Technically good performance from John Hawkes as McDormand’s abusive ex-husband who regularly beats her in front of their kids, which the kids have normalized and turned into a joke. Does Hawkes make the situation believable? No. But he’s good. Samara Weaving’s good as his nineteen year-old girlfriend who apparently supports him on her wages at a petting zoo or something.

Brendan Sexton III has an appropriate cameo, but it’d have worked better if I’d known it was him. Nick Searcy has a good cameo, but his name’s not on the movie because I think it came out he was too racist even for a vaguely edgy production like this one to promote. It’s in the first act when McDonagh’s writing for McDormand is best. Great scene.

Ben Davis’s photography is fine. McDonagh shoots it Panavision and can’t fill the frame, which is a bummer. Carter Burwell’s there to remind you Frances McDormand was in a Coen Brothers movie once so if you watch through half-closed eyes it seems like a Coen riff on a redneck gothic melodrama character piece. Only the movie ditches McDormand and switches to Rockwell in the third act to give it a very literal ending for the people in the audience who weren’t paying enough attention.

Otherwise, McDonagh’s direction is good. He’s very good with the cast. The problem’s his lack of insight.

McDormand’s good enough to carry it too, so when he shifts it to Rockwell, who can’t because it’s a nothing arc, way too little, way too late, Ebbing takes a big third act stumble.

It’s fine, actually. If it had a good finish with all the icky bad asterisks on it, it’d be worse. Once it’s clear McDormand and Rockwell don’t have great parts and Harrelson’s out of it… it’s fine. Just with a bunch of asterisks.

S. Darko (2009, Chris Fisher)

Terrifying as it might be to say, but S. Darko could actually be worse. It’s an official sequel to Donnie Darko as the producers of that film still had sequel rights, but Daveigh Chase–as this picture’s titular lead–is the only returning cast member. It certainly does not have the involvement from the original’s writer-director.

And S.’s director Fisher isn’t bad. He’s really not. The undoubtedly cheap Utah locations are beautiful. The DV doesn’t look great, but Fisher does have some good composition. And if he were telling the story of Chase and friend Briana Evigan broken down in the middle of nowhere, meeting strange people and cute boys… S. might be okay.

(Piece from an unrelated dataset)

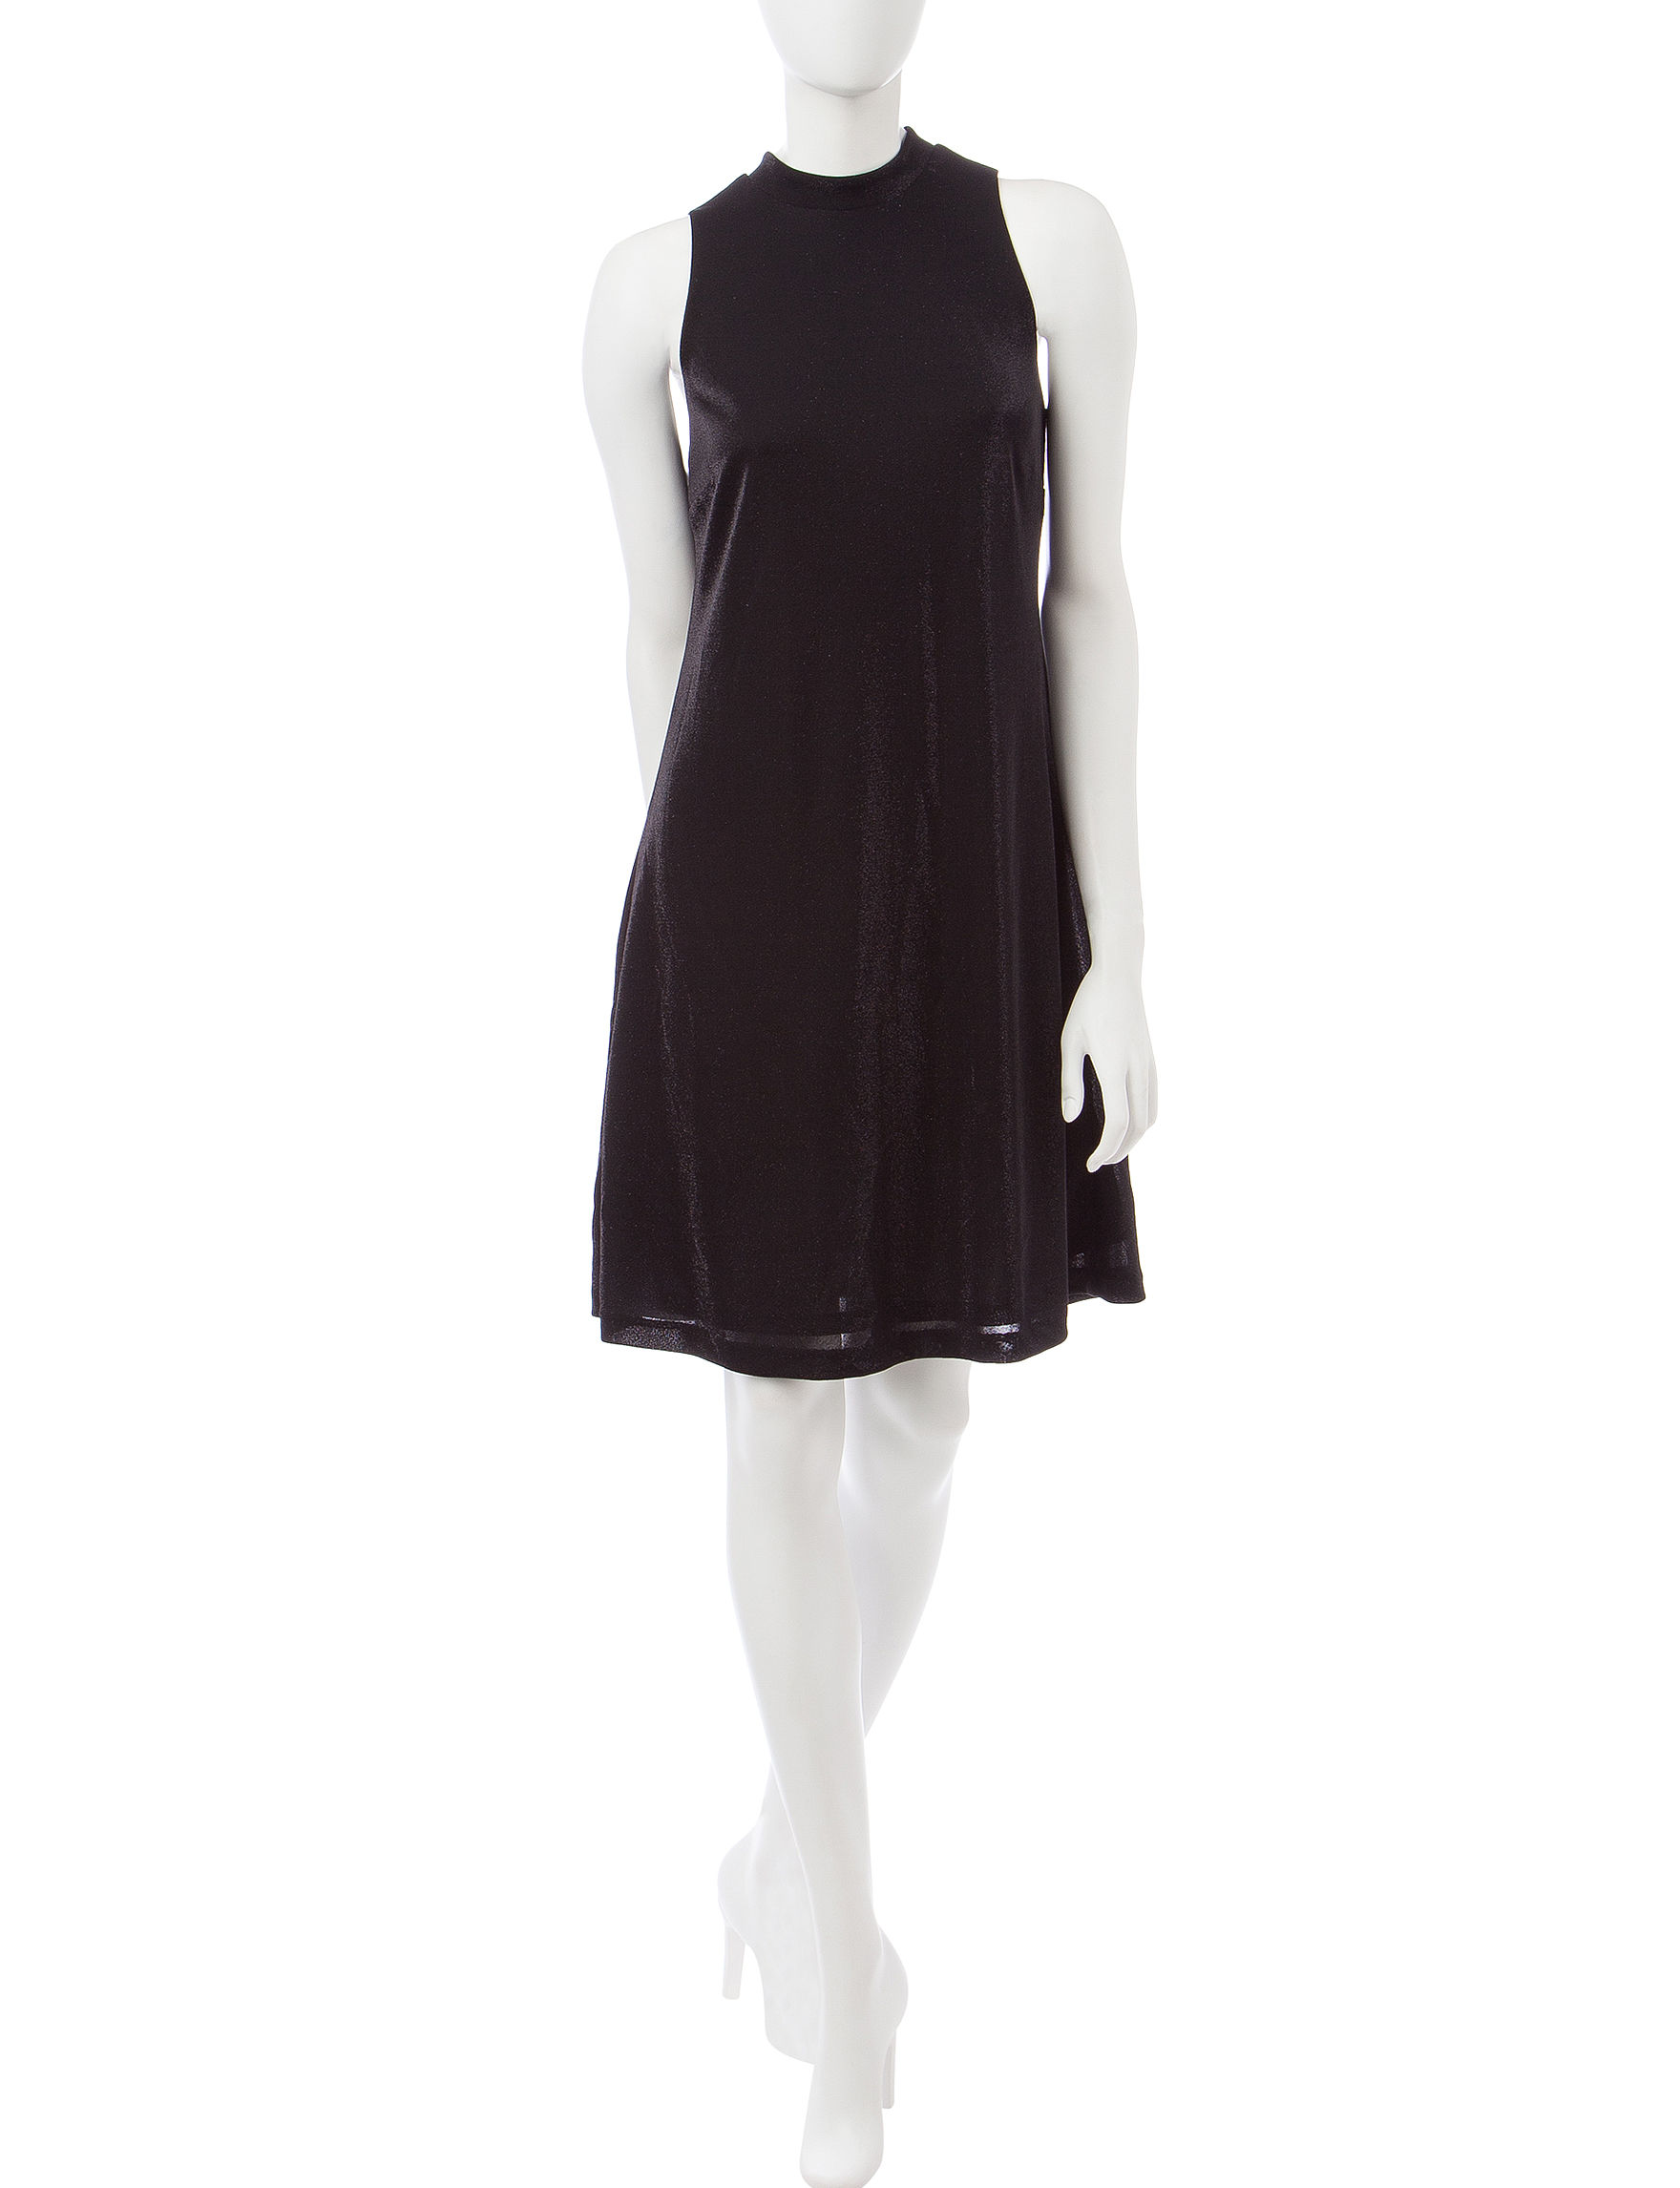 Nine West Black Everyday & Casual A-line Dresses Fit & Flare Dresses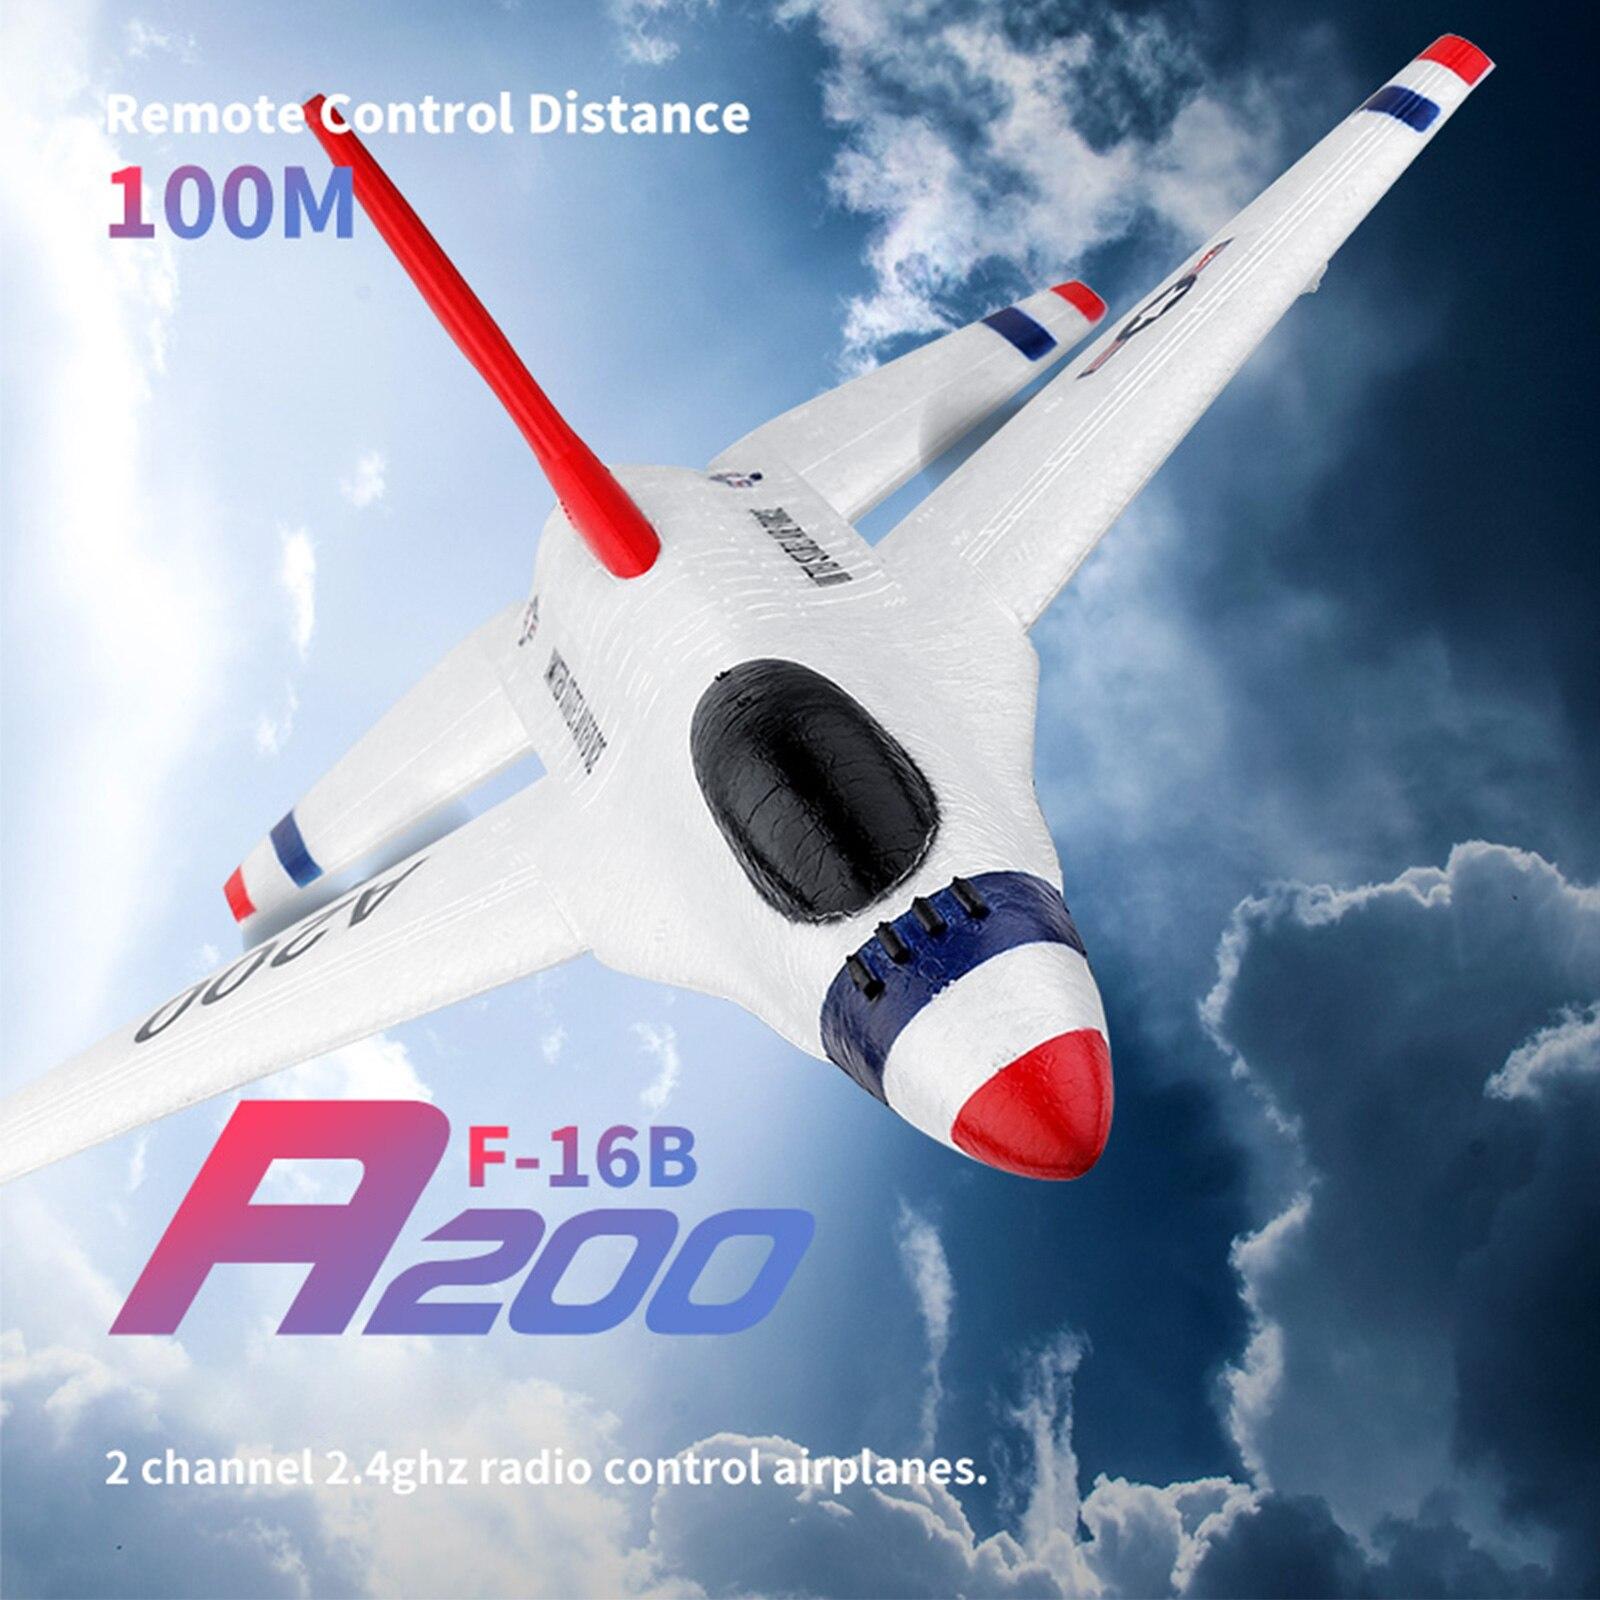 Wltoys XK A200 F-16B F16 RC Plane

But not with Nathan Atkins’s script. His script plays like a terrible TV movie of the original, complete with story beats. Worst might be how people are constantly traveling through time, just because they wish they can. The other connections to the original flip off that film’s fans. S. is a desperate cash grab with an incompetent script.

Chase is okay in the lead. Evigan’s good about twenty percent of the time. Ed Westwick’s awkward, but quite good most of the time as the guy they meet. Nice supporting turn from John Hawkes too.

Sadly, the rest of the acting’s weak. For starters, Jackson Rathbone is atrocious as Chase’s suitor and James Lafferty’s inept as the town oddball.

S. Darko uses Elizabeth Berkley as stunt casting. Does anything else really need to be said?